Видимо, следователь решил, что хватит, и спустя сутки, уже на ночь глядя, меня вновь потащили на второй этаж. Долгого разговора не вышло: он посчитал меня теперь готовым на все, а я так и не вышел из своей ясности, будто инъекция оказалась не временной, а помогла укорениться каким-то новым изменениям во мне. «Вы вспомнили? Расскажите про операции. Всего на территории партизанского района Могилев — Витебск — Лепель, где действовали соединения предателей, убиты тысячи наших соотечественников, сожжены сотни домов. Вы сделали это. На ваших руках кровь, и только чистосердечное признание может смягчить суд. Нам нужны детали». Стеклянный мир переливался, и я следил за сменой оттенков цвета у предметов, ранее не интересовавших: желтые, в цветок, увитый шнуром, обои, шероховатая зелень его выстиранной гимнастерки. «Я никого не убивал». Следователь смотрел на меня с минуту уже не сфинксом, а каким-то акакием акакиевичем. Наконец разглядев нечто ему понятное и сообразив, что к чему, он выпятил нижнюю губу и сожалеюще приподнял брови. «Что ж, Сергей Дмитриевич, жаль, хотел перед командировкой от вас получить подарок, но не дождался. Увидимся после».

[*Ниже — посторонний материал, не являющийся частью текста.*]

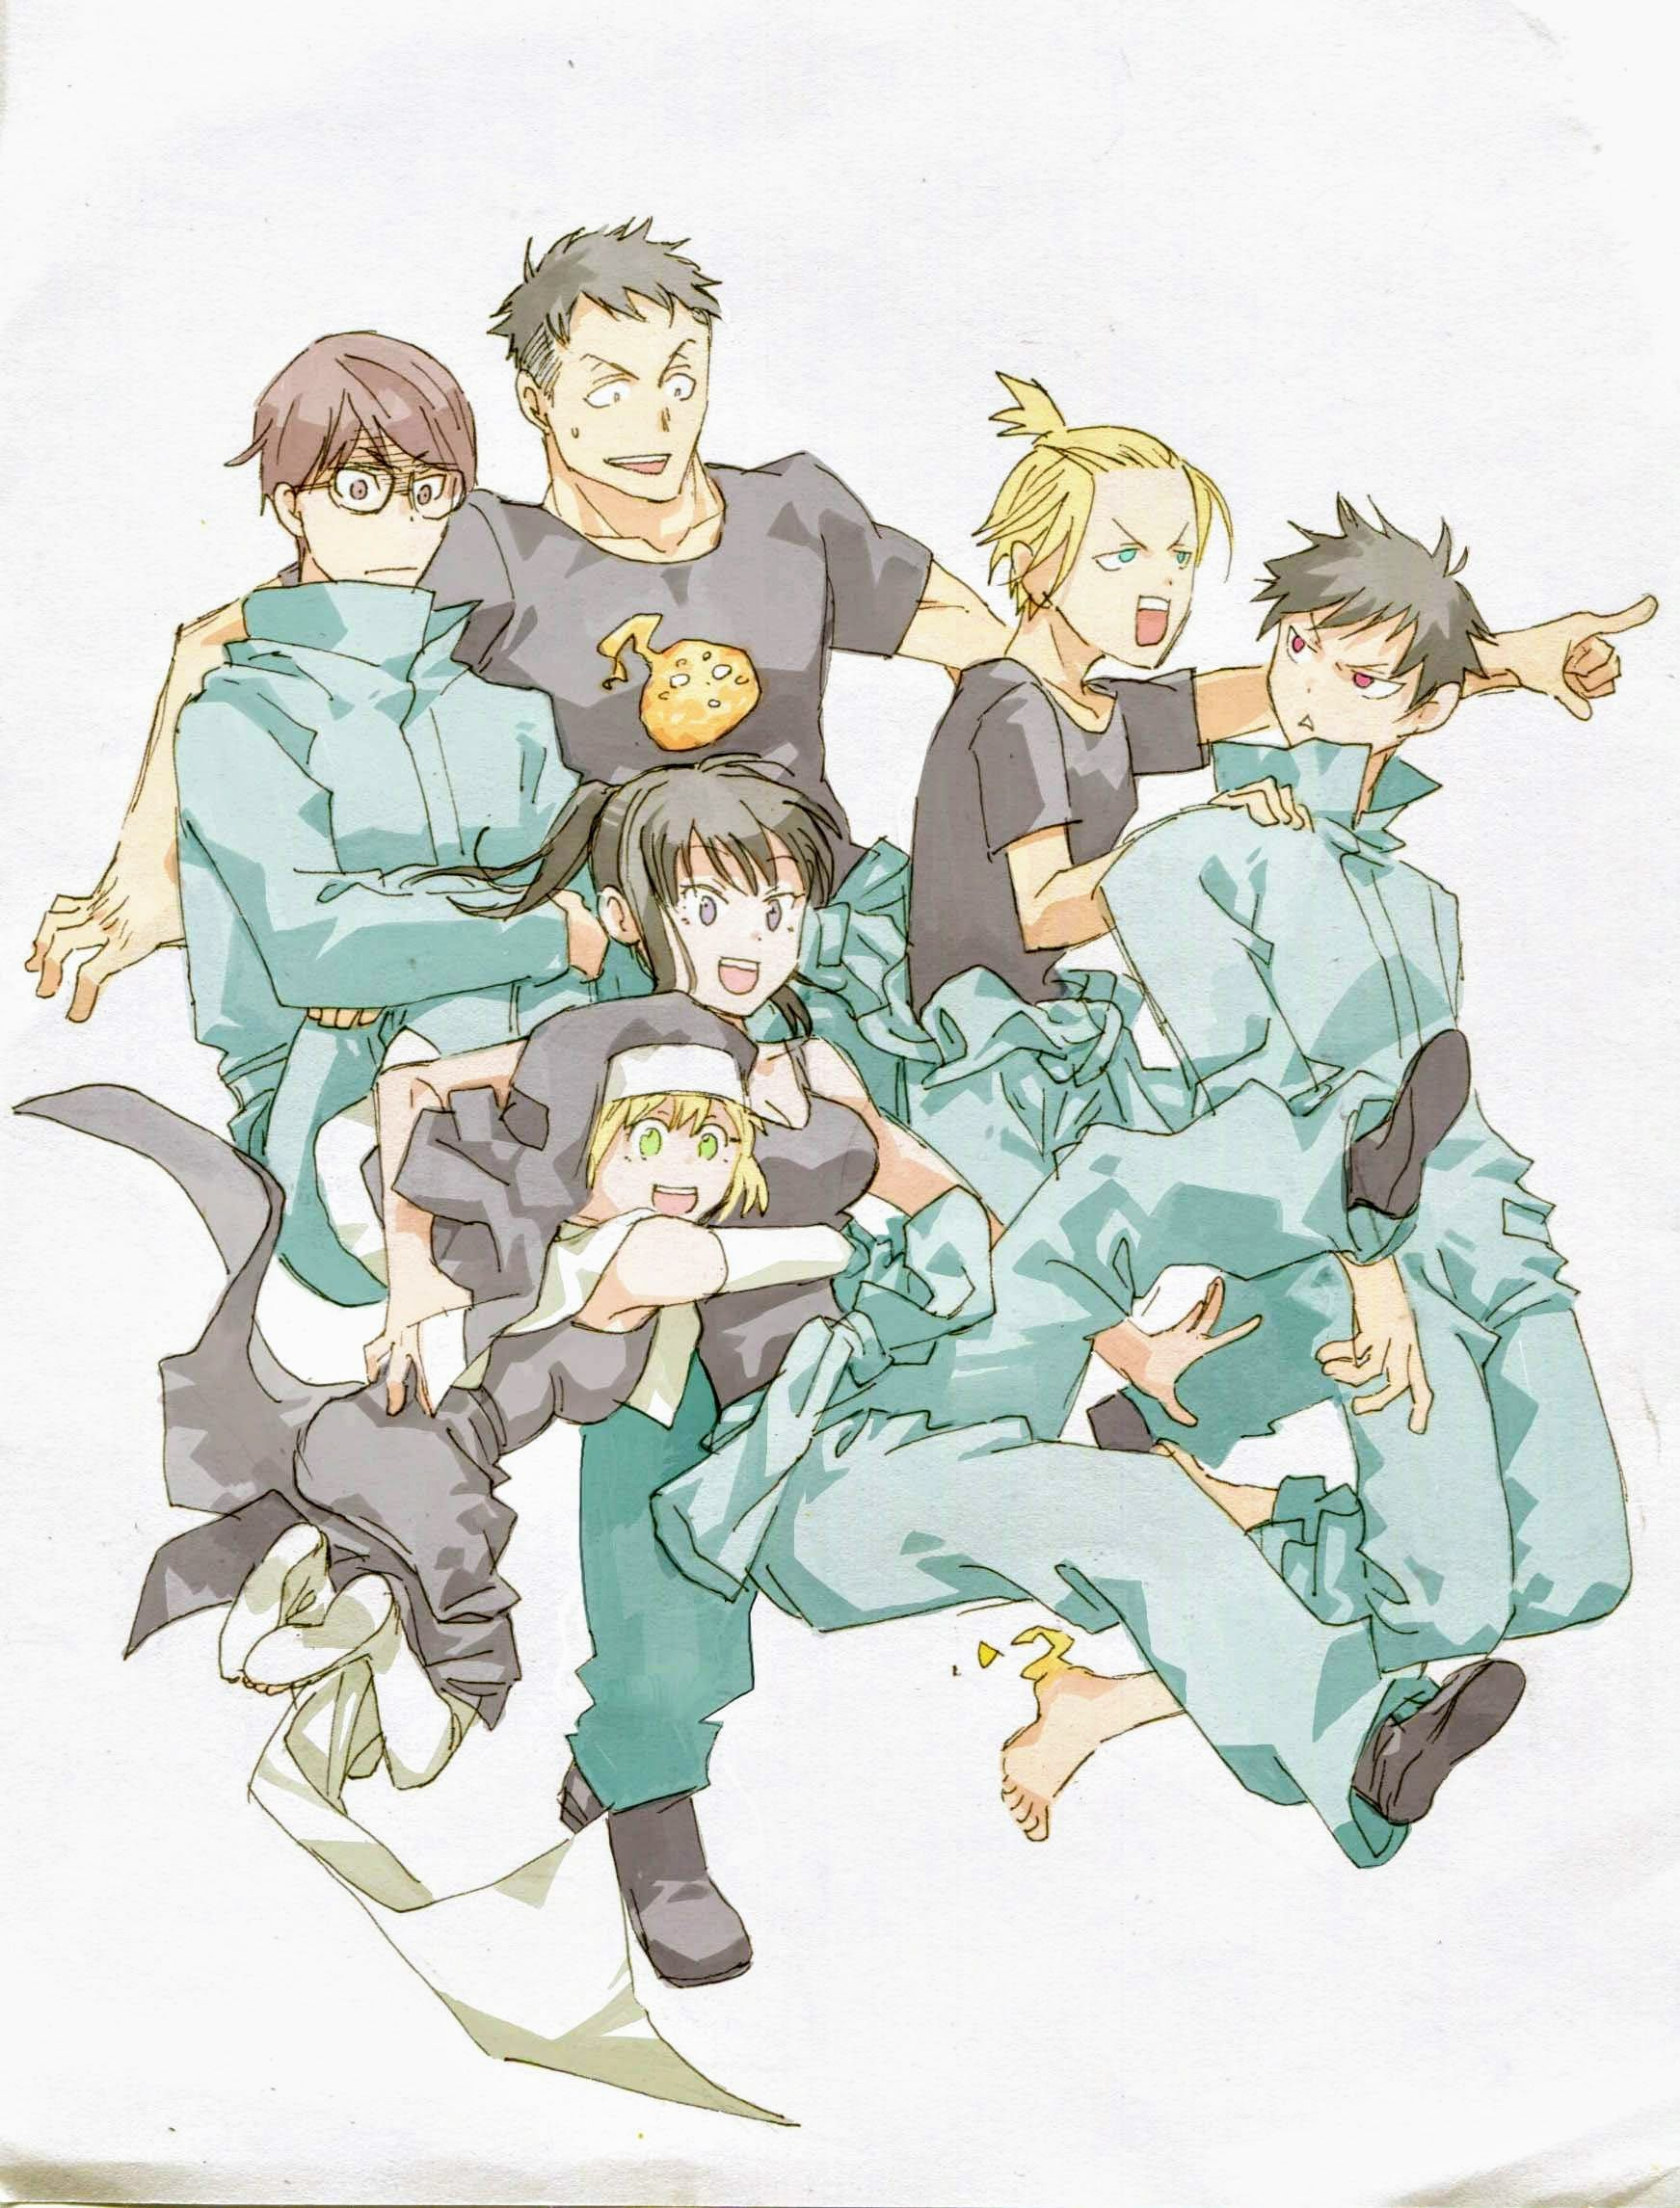 Fire Force FF Fanart Anime Manga ╳Subscribe╳Share╳GG

Вскоре я сидел перед другим дознавателем. Он был одет в белую рубаху и пиджак и повадками напоминал фабричного. Взяв протокол первого допроса, он начал безучастным голосом расспрашивать все-все, начиная с порховского дулага, фамилии, имена, когда я расстался с близнецами, что видел в Великих Луках. Бубнеж его пришлось слушать шесть часов, после чего — уже за полночь — его сменил совсем юный, безусый малый, не сразу перестававший краснеть после каждого своего вопроса. Вскоре я понял, что они хотят взять измором, поймать сонного подозреваемого на несоответствии, подначить его выболтать что-нибудь, что потом можно раскрутить до признания. Я решил держаться и не спать, и в первую ночь это получилось. Днем мне не дали выспаться: как только я садился на койку и прикрывал глаза, гремели ключи и врывались надзиратели, а вечером опять повлекли на допрос. Я брел, пошатываясь, и вспоминал, где мы и что это за казематы. Меня встретил улыбчивый, лоснящийся, круглолицый, начинающий лысеть курчавый парень, который ел нарезанное дольками красное яблоко, а когда я засыпал, продолжал ровным голосом расспрашивать, а потом орал фальцетом, чтобы я очнулся. Вслед за ним потянулась карусель разных их работников, в форме и без, моложавых и пожилых. Одни подходили формальнее, другие — с сердцем, кто-то хватал за грудки, кого-то я толкнул в ответ на тычок в живот, но у всех у них в глазах засела тихая ненависть. Я перестал подписывать протоколы. Так и черкал: «Не подписываюсь». В третью ночь мне пригрезилась Анна с передачей в узелке, а наутро голова моя моталась, как у куклы. Захотелось сдаться и быстрее убыть в лагерь, хоть бы и лес валить, только чтобы не гнить в подземном саркофаге, как предсказывал следователь. Конечно, хотелось и мгновенной смерти, но быстро умереть было невозможно. Кажется, размышляя именно об этом, я заснул стоя у оконца, шумно рухнул на пол, и в камеру тотчас вбежали. Надзиратели растормошили меня и сунули в нос нашатырный спирт. В тот день на допросах я старался молчать и отвечать нечто односложное, потому что все время комментировал невпопад. Вместо одних вопросов мне грезились другие, и, когда я уже не мог ни стоять, ни сидеть, все вдруг кончилось.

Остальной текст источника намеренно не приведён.